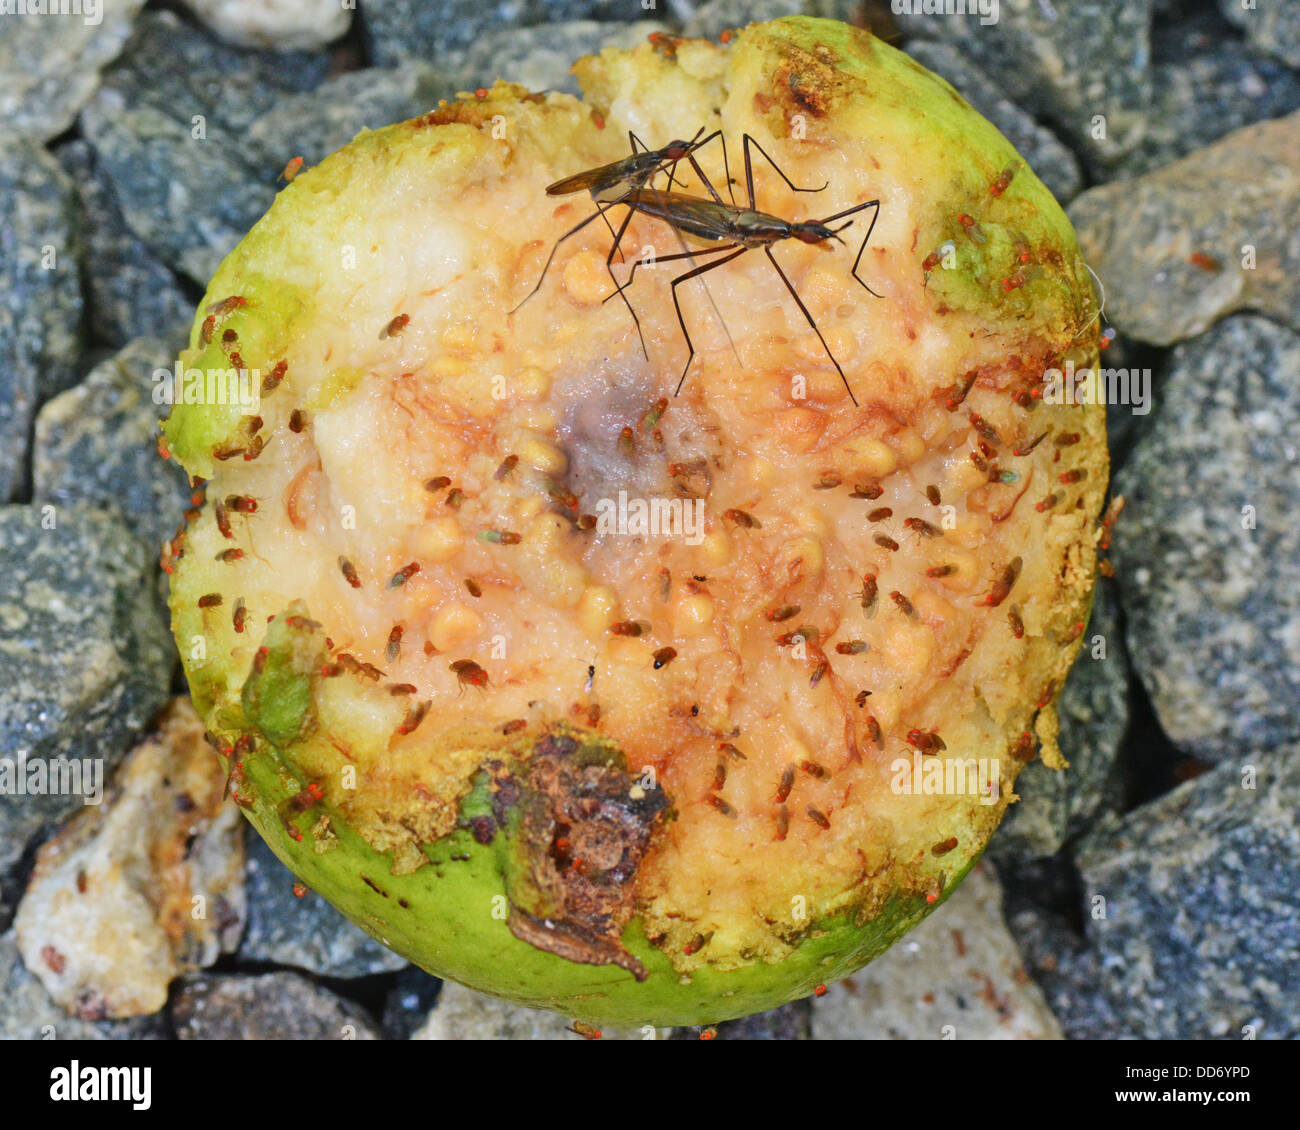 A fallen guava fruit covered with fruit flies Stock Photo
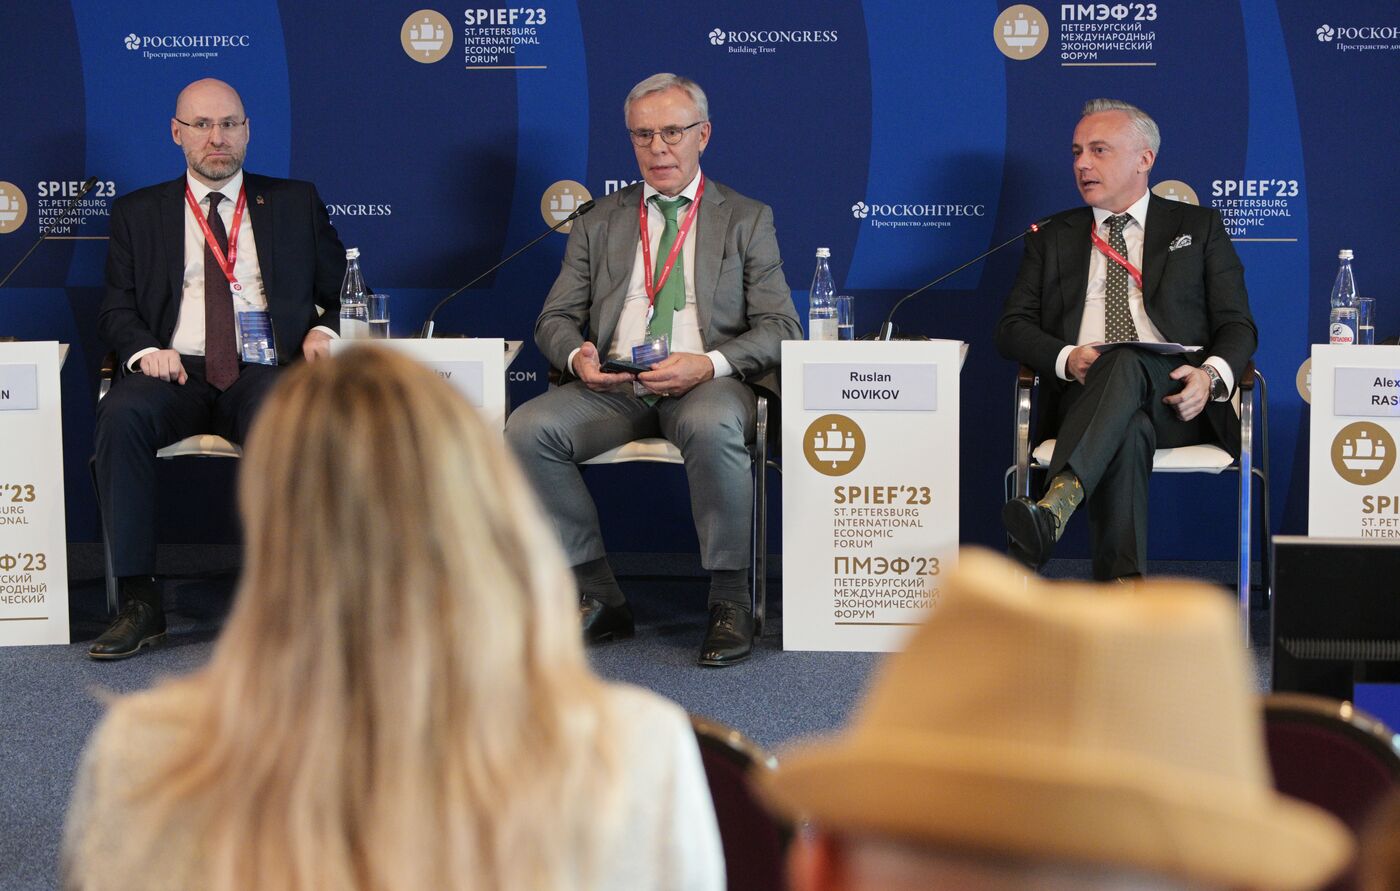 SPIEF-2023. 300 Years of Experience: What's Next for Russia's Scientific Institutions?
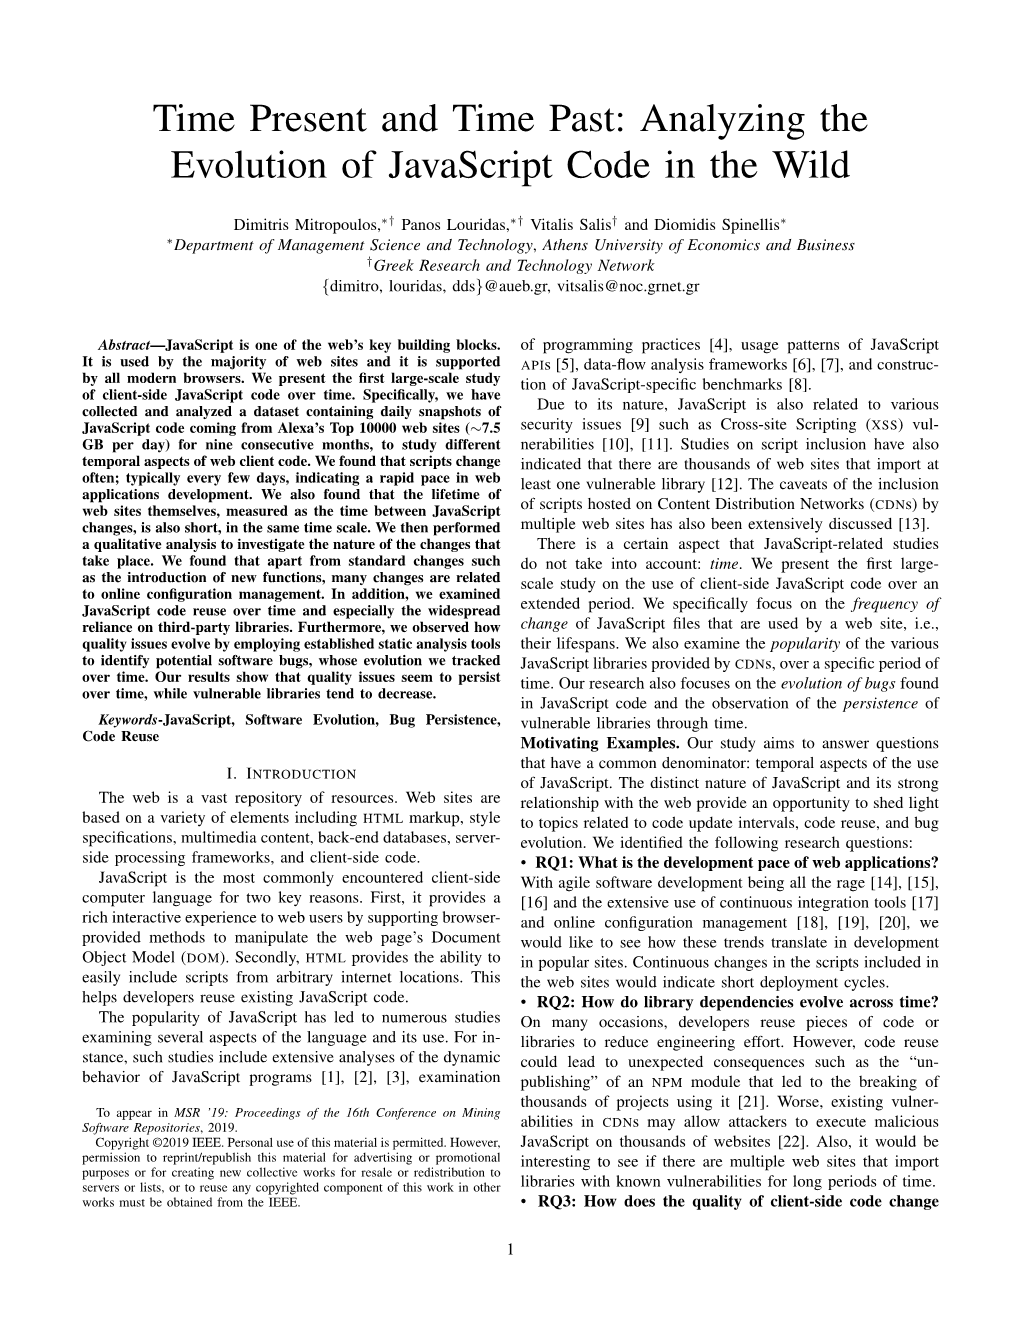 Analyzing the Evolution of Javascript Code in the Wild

**WHAT THE TASK REQUIRES**
Set down the data above word for word, leaving every picture out.

**RESPONSE TO THIS EXERCISE**
 A fallen guava fruit covered with fruit flies Stock Photo
 SPIEF-2023. 300 Years of Experience: What's Next for Russia's Scientific Institutions?
 Analyzing the Evolution of Javascript Code in the Wild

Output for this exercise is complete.